Background
One important defense mechanism against invading pathogens involves interactions between sensory peripheral nociceptor pain neurons innervating all mucosal tissues, and resident immune and epithelial cells. We discovered that the nociceptor-secreted neuropeptide calcitonin gene-related peptide (CGRP) exerts unexpected anti-viral functions. CGRP acts on antigen-presenting Langerhans cells (LCs) and inhibits their infections with human immunodeficiency virus type 1 (HIV-1) and herpes simplex virus type 2 (HSV-2), which synergize during their co-infection.
Recent results
HIV-1: CGRP secretion is induced upon activation of the Ca2+ ion channel transient receptor potential vanilloid 1 (TRPV1) in nociceptors. We found that this mechanism operates also in LCs, for instance the natural TRPV1 agonist cannabidiol (CBD) from Marijuana activates TRPV1 in LCs, inducing their secretion of CGRP that inhibits LCs-mediated HIV-1 transfer to CD4+ T-cells. CBD also inhibits direct HIV-1 infection of CD4+ T-cells in CGRP-independent manners. These studies support re-positioning of CBD-based formulations as novel HIV-1 pre-exposure prophylaxis (PrEP) measures, i.e. CBD PrEP.

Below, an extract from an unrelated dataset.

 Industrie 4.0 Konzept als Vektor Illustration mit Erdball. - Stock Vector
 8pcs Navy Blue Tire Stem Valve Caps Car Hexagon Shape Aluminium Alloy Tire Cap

HSV-2: To better mimic the neuroimmune tissue architecture, we developed a microfluidic ‘mucosa-on-chip’ model, combining CGRP+ nociceptors with genital epithelial cells and LCs. In this model, LCs relay HSV-2 to nociceptor axonal endings, leading to axonal degeneration and CGRP reduction. These studies suggest active roles of LCs in HSV-2 infection and latency establishment in nociceptors.
SARS-CoV-2: CGRP could control coronavirus disease 19 (COVID-19) symptoms, due to its anti-hypertensive/inflammatory functions. We found elevated CGRP pulmonary levels in early severe acute respiratory syndrome coronavirus 2 (SARS-CoV-2)-positive, but not late SARS-CoV-2-negative, critical COVID-19 patients. Moreover, CGRP acts directly on bronchial epithelial cells, decreasing their surface expression of SARS-CoV-2 entry receptors thereby inhibiting their infection. These studies indicate that CGRP mediates beneficial SARS-CoV-2 clearance.
Significance
Our studies identify novel mucosal neuroimmune and neuroepithelial interactions, which could be harnessed clinically against a variety of mucosal viruses.